Noise Pollution are an Italian band with a tenuous grip on the English language and an equally shaky understanding of good music. And honestly, if this is what you’re going to call your band, it better be tongue-in-cheek and your band better not suck, or you’re just asking for it in a review. Billed as a “Hard ‘n’ Heavy” band, the promo material for these guys is entertaining. They’ve been around for more than ten years but are “interesting newcomers,” and apparently have found themselves in “stage sharing situations” with bands like Black Stone Cherry and Airbourne. Whether that means they rushed the stage at concerts or opened for them at some point, I have no idea, but apparently, we can expect music along the same lines as those bands.
What it actually means is that on Unreal, Noise Pollution’s second album, the band are trying to mine the same grooves and vibes as bands like Five Finger Death Punch and Black Stone Cherry. The album opens with “Breaking Down,” a groove-heavy number that introduces us to the first of the nonsensical song lyrics. “Do you want it, you feel it, your life is breaking down,” the singer whispers menacingly over a rising synth line. I don’t understand. In fact, I don’t understand most of the lyrics on Unreal, when I can even decipher them. The singer’s thick Italian accent coupled with the obviously phonetic pronunciation means most of the time the lyrics come across as pure gibberish. Just sing in Italian if you don’t know English guys, nobody will hold it against you.
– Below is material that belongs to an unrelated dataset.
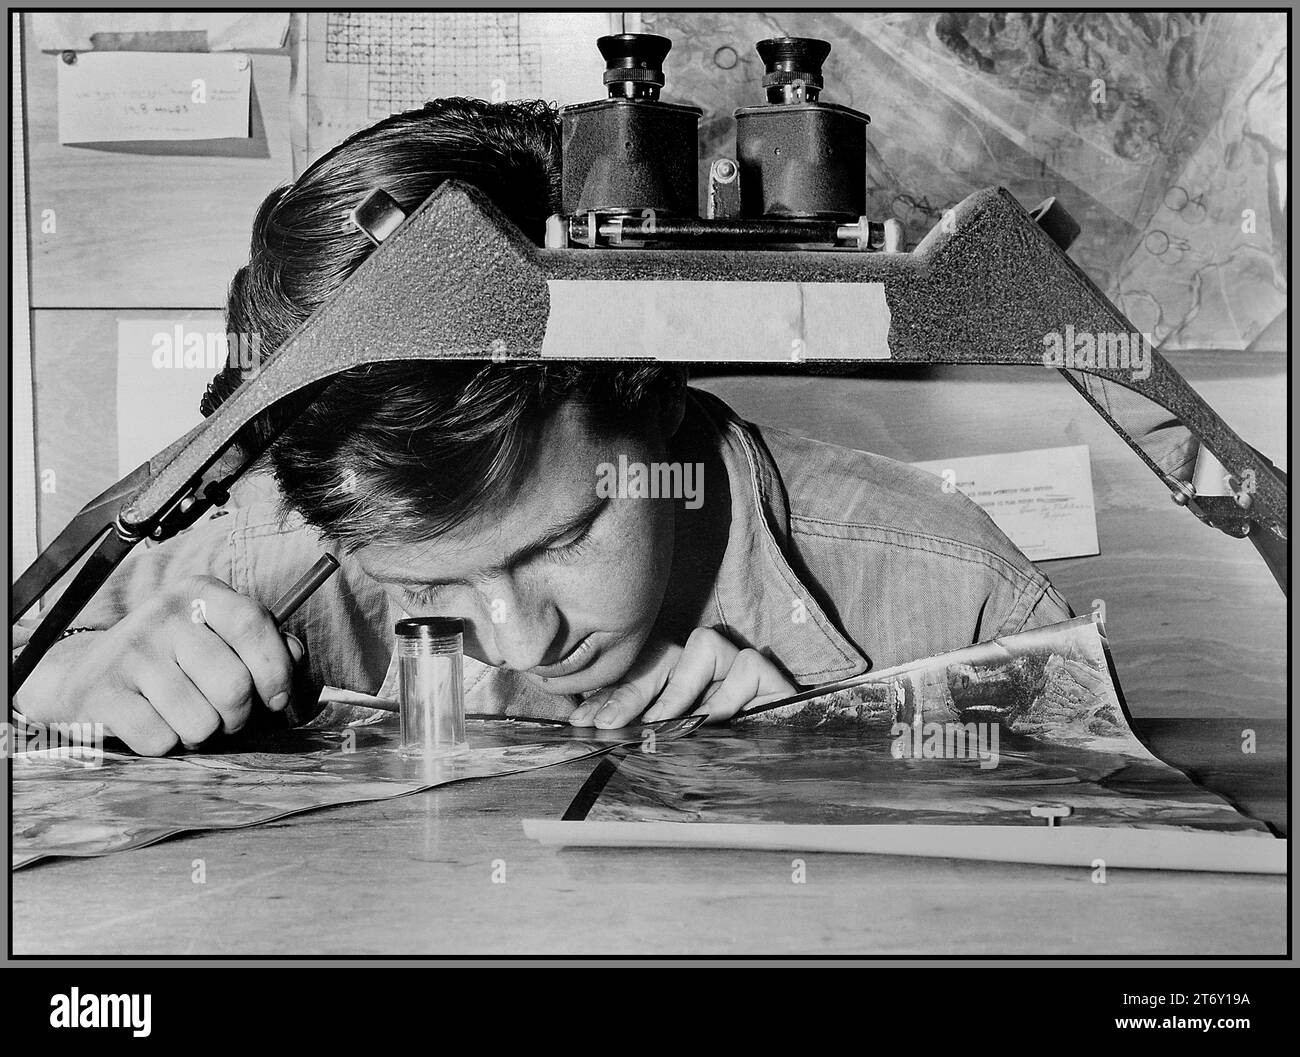 GUERRE DE CORÉE CINQUIÈME ARMÉE DE L'AIR renseignement de reconnaissance aérienne avec une photographie d'une position de canon communiste devant lui, le sergent James E. Kindseth regarde attentivement à travers sa loupe. 1950 Corée du Sud Banque D'Images

Okay, sorry about that rant. Back to the music. Noise Pollution go for thick, downtuned groovy riffs throughout, and song openers such as “Breaking Down,” “Shame,” and “MAD” show that the band can produce some decent, if generic, leads. Sadly, the songs are never as interesting as the openings promise, and we’re left with a feeling of sameness [Watch it, buddy…. – Steel Druhm] due to the lack of imagination in the arrangements and lack of skill on the instruments. The songs aren’t completely awful, and in fact border on okay, but Unreal as an album just can’t maintain what little momentum the sporadically decent riffs generate. Heck, the title track is a power ballad with no charisma, and album closer “Full of Dreams,” with lines like “I’ve never tried to be better than the others, I’ve always tried just to be the best,” is an even worse ballad, bringing Unreal to a merciful conclusion ten songs too late.
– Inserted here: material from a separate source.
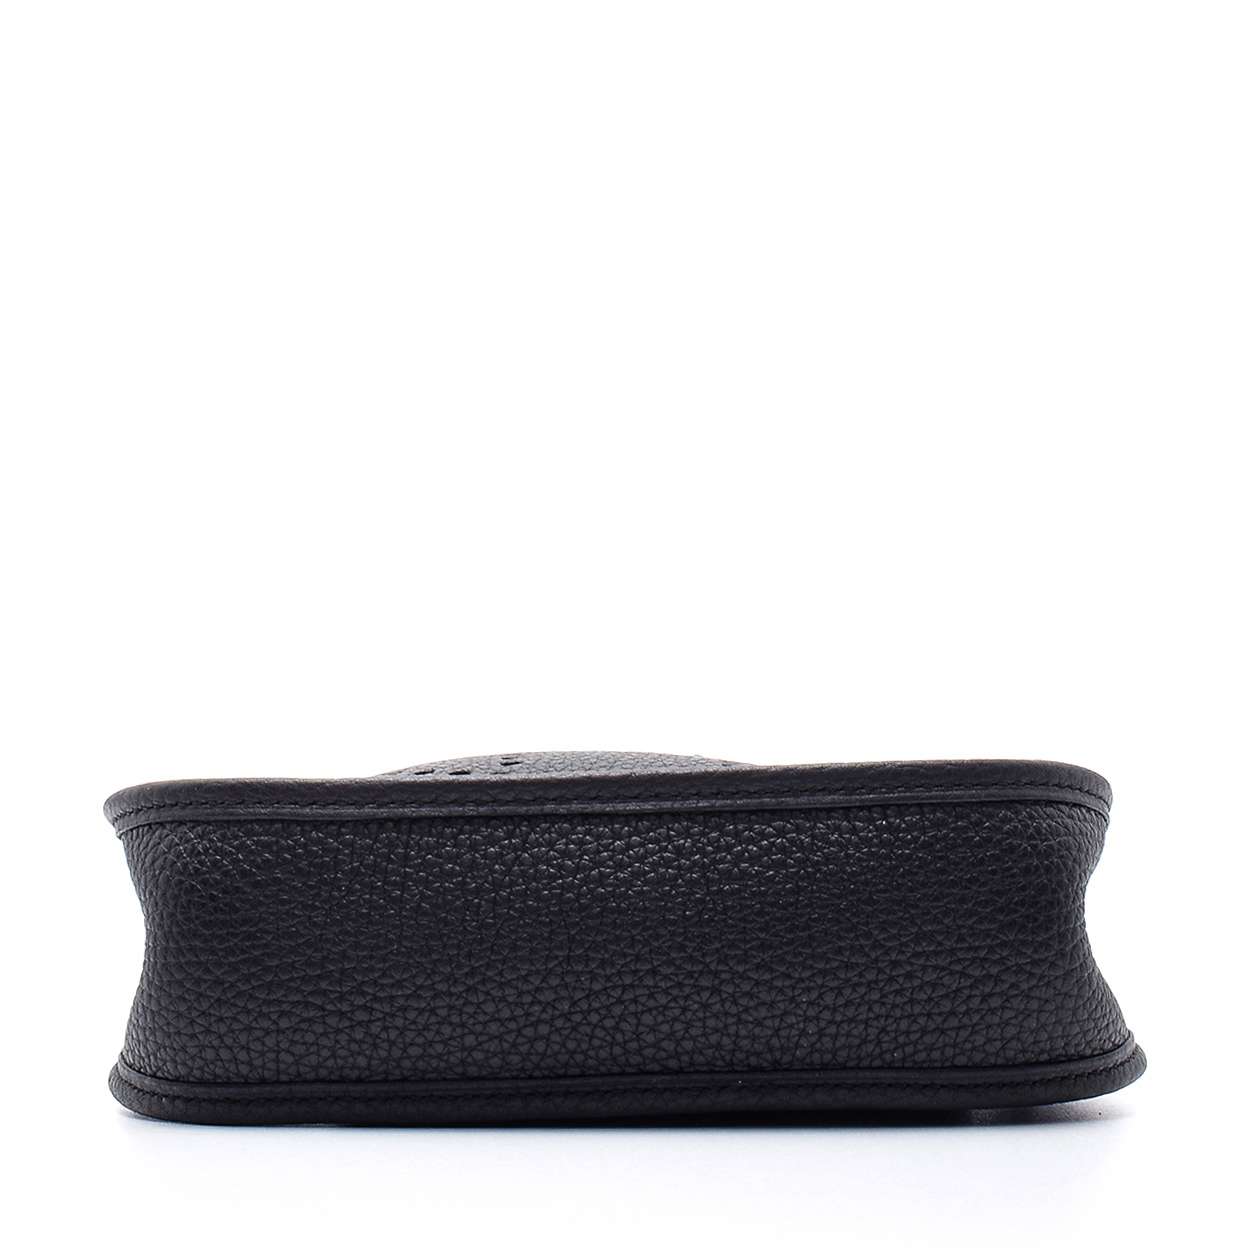 Hermes - Black Clemence Leather Mini Evelyne Bag

Much like the promo spiel and song lyrics, the production, mix, and arrangement are all puzzling. Take “Breaking Down” – what starts as a heavy, groovy number (and makes one think this might be an unintelligibly good record) suddenly has weird keyboards playing around distractedly in the background. “MAD” pans the guitars and toms hard left and right in a gimmicky fashion much like a first-time mixing engineer would do. Vocals on “Gone Forever” are at least twice as loud as anywhere else on the record. Nearly every song features horrible drum samples too, although they do differ from track to track, the worst being the incredibly cheesy and dated sounds on “Full of Dreams.”
A half-dozen plays through, Unreal just makes me giggle more than it did upon first listen. The band is trying to find that modern metal radio-friendly groove that a zillion other bands aim for, and for brief moments at the beginning of some songs they show us that groove, but the overall performances combined with the ESL lyrics and sketchy production leave the record sadly wanting. My fiancée says “well you need to give them a 1.5 for even trying,” but I just can’t bring myself to be that generous. Anyone can put out a shitty album without trying.